Institut für Kunststofftechnik

Aufbereitung und Verarbeitung

Die Aufbereitung von Kunststoffen ist ein Verfahren, mit dem die Eigenschaften von herkömmlichen Kunststoffen gezielt verändert werden können. Durch das Beimischen spezieller Zusatzstoffe können Kunststoffe auf die Anforderungen der zu fertigenden Endprodukte maßgeschneidert werden.

Entwicklung und Herstellung maßgeschneiderter Kunststoff-Compounds

Kunststoffcompounds können z. B. durch Fasern verstärkt, mit diversen Zusatzstoffen wie UV- oder Wärmestabilisatoren versehen werden und/oder aus einer Mischung unterschiedlicher Kunststoffe bestehen.
Auf unseren Doppelschneckenextrudern mit einem Durchmesser von 18 bis 40 mm können Standardkunststoffe, technische Kunststoffe, Hochleistungskunststoffe sowie Biokunststoffe aufbereitet werden.
Die Entwicklung maßgeschneiderter Kunststoff-Compounds erfolgt in enger Zusammenarbeit mit dem Kunden und unter Verwendung der angebotenen Prüfverfahren.

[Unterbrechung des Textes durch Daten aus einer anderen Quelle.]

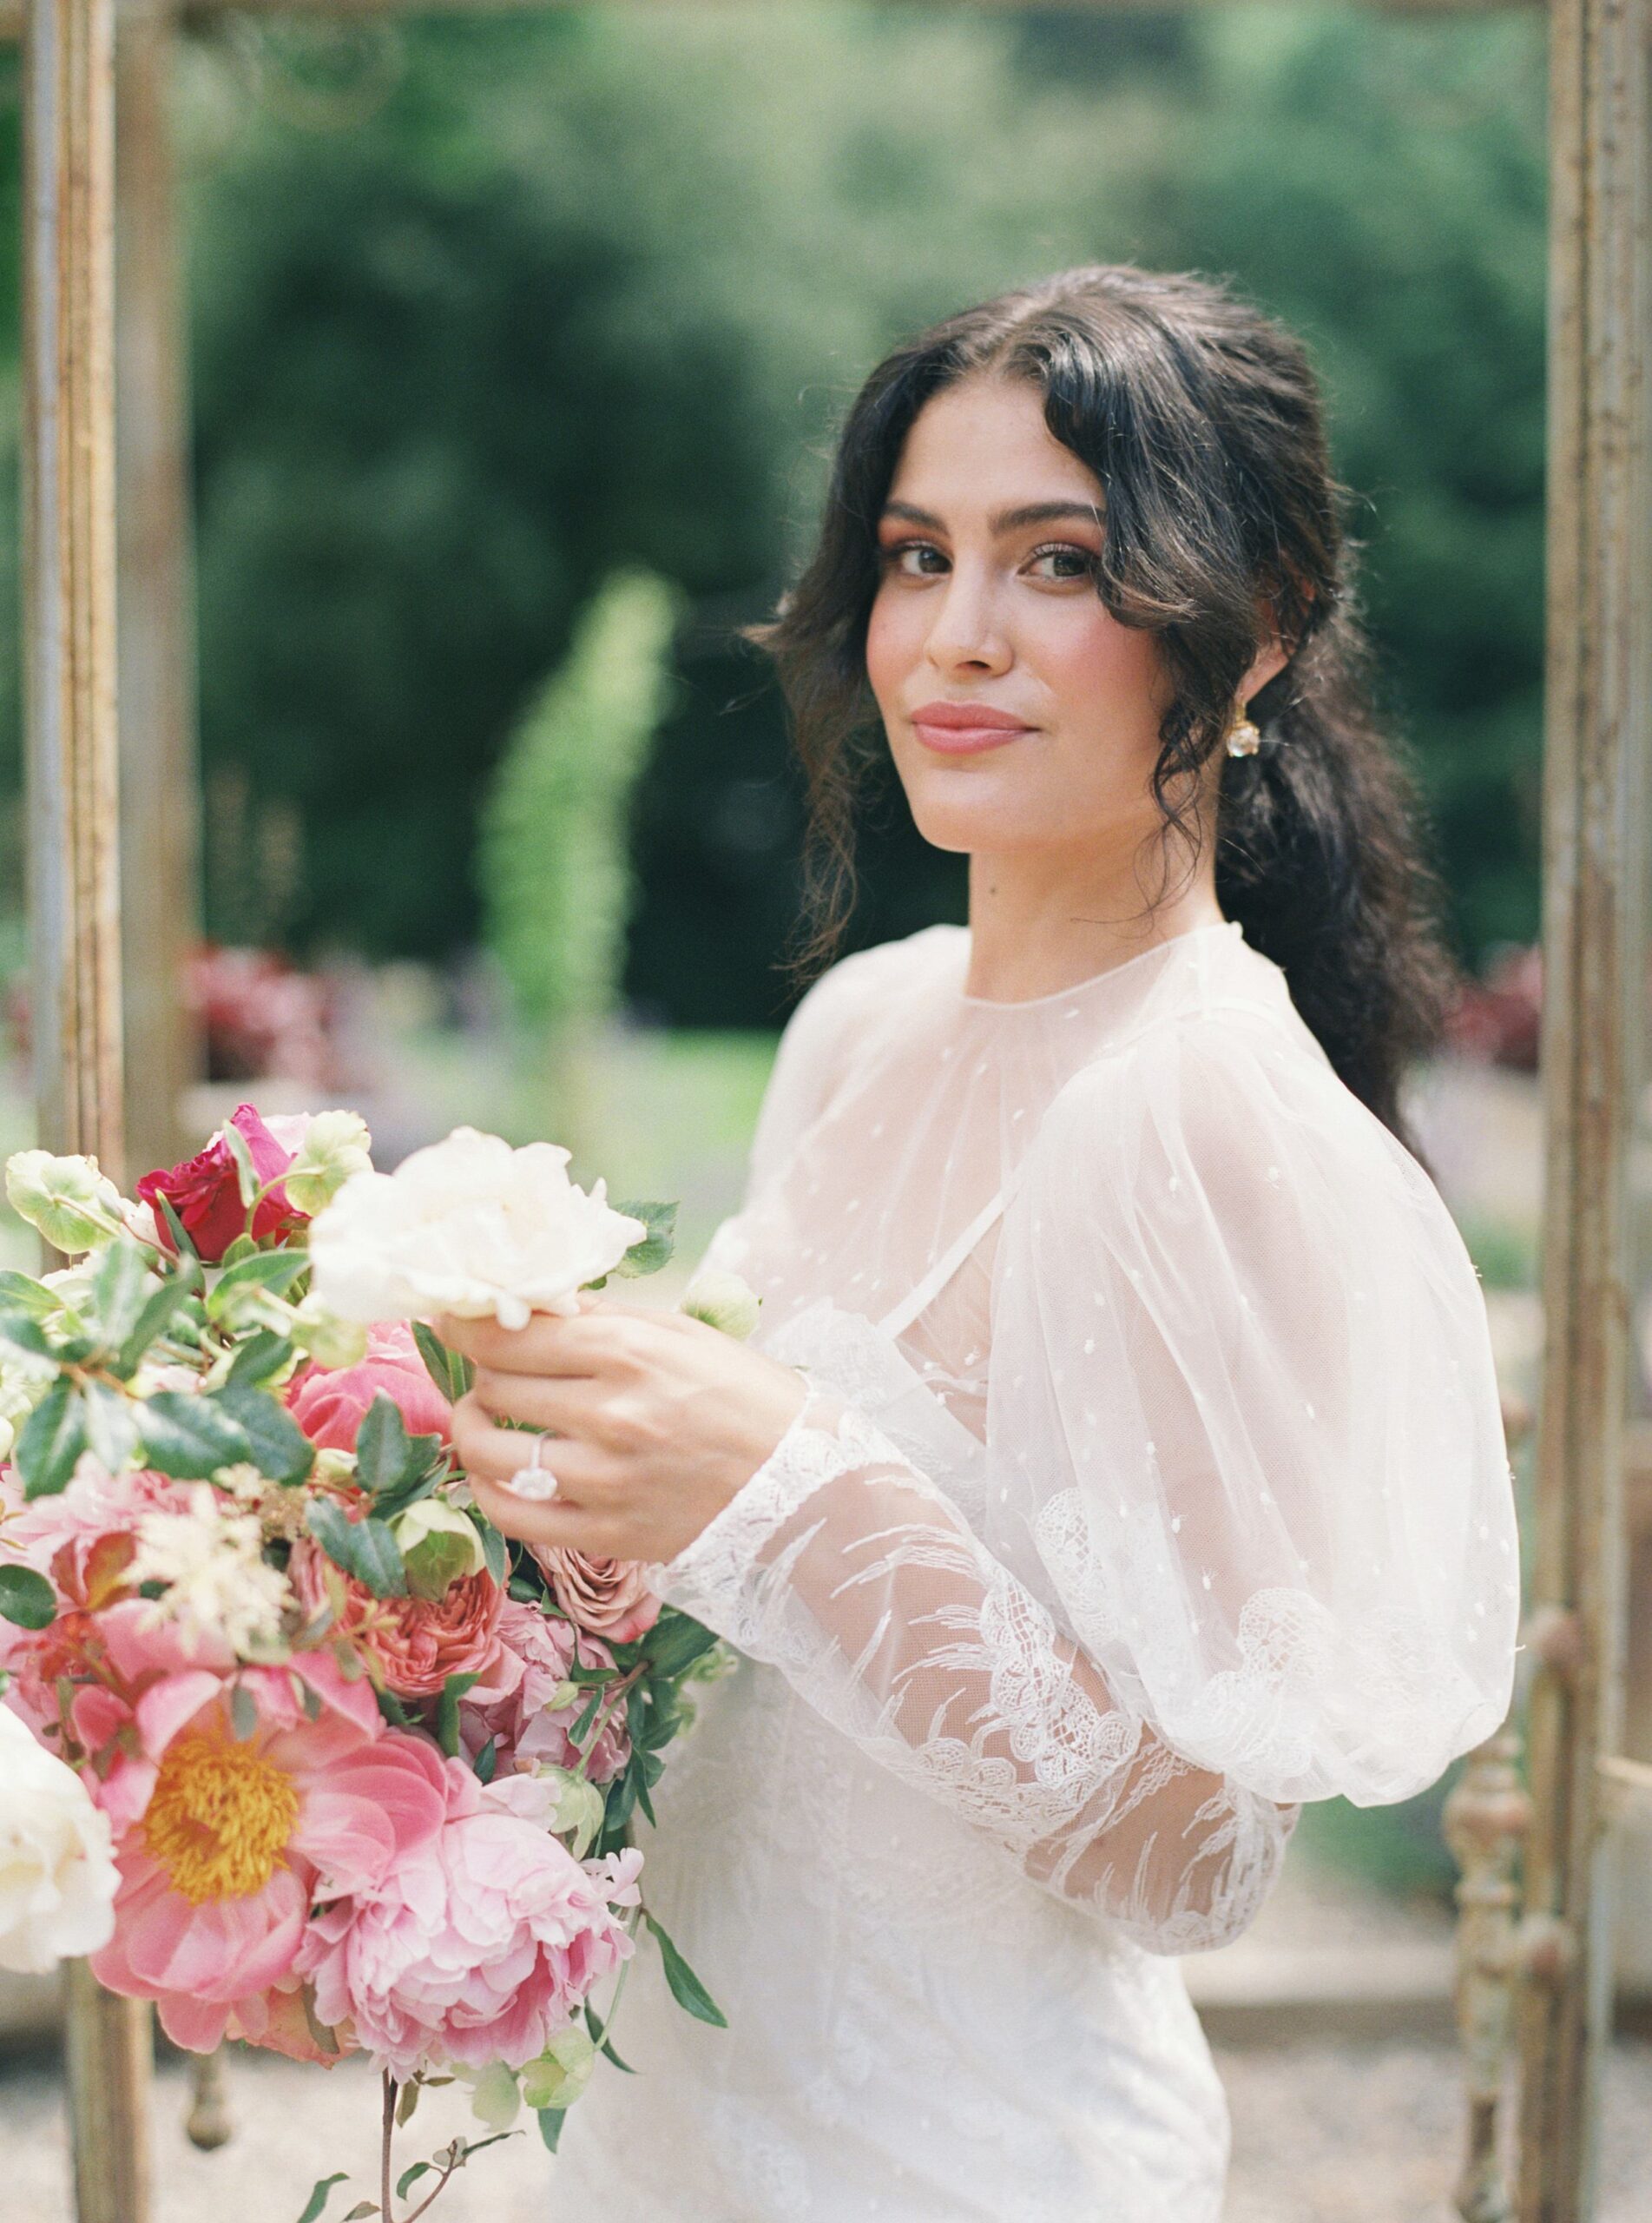 Beautiful Bride at European Inspired Greencrest Manor Wedding Venue photographed on film by destination wedding photographer Sarah Sunstrom Photography.

Entwicklung und Herstellung hochgefüllter Systeme

In diversen Einsatzgebieten ist der Füllstoff und dessen Gehalt in einem Kunststoff von besonderer Bedeutung. Hohe Füllstoffanteile können im Falle leichtgewichtiger Füllstoffe zur Gewichtsreduktion verwendet werden. Hochgefüllte Systeme sind in den Bereichen der wärmeleitfähig additivierten und der naturfaserverstärkten Kunststoffe von Bedeutung oder werden schlicht zur Kostenreduktion genutzt.

Die Entwicklung hochgefüllter Systeme erfordert insbesondere Untersuchungen des Fließverhaltens, welche mittels Rheologie durchgeführt werden können. Eine Charakterisierung mittels der angebotenen Prüfverfahren ist ebenso sinnvoll.

Reaktive Extrusion

Die reaktive Extrusion ist ein Sonderverfahren des Compoundierens. Hier werden verschiedene Komponenten in situ (während der Aufbereitung) über chemische Reaktionen kovalent miteinander verbunden. Insbesondere zählt hierzu das reaktive Binden unterschiedlicher Polymere oder das Aufpfropfen von speziellen Seitenketten oder chemischen Gruppen an Polymerketten.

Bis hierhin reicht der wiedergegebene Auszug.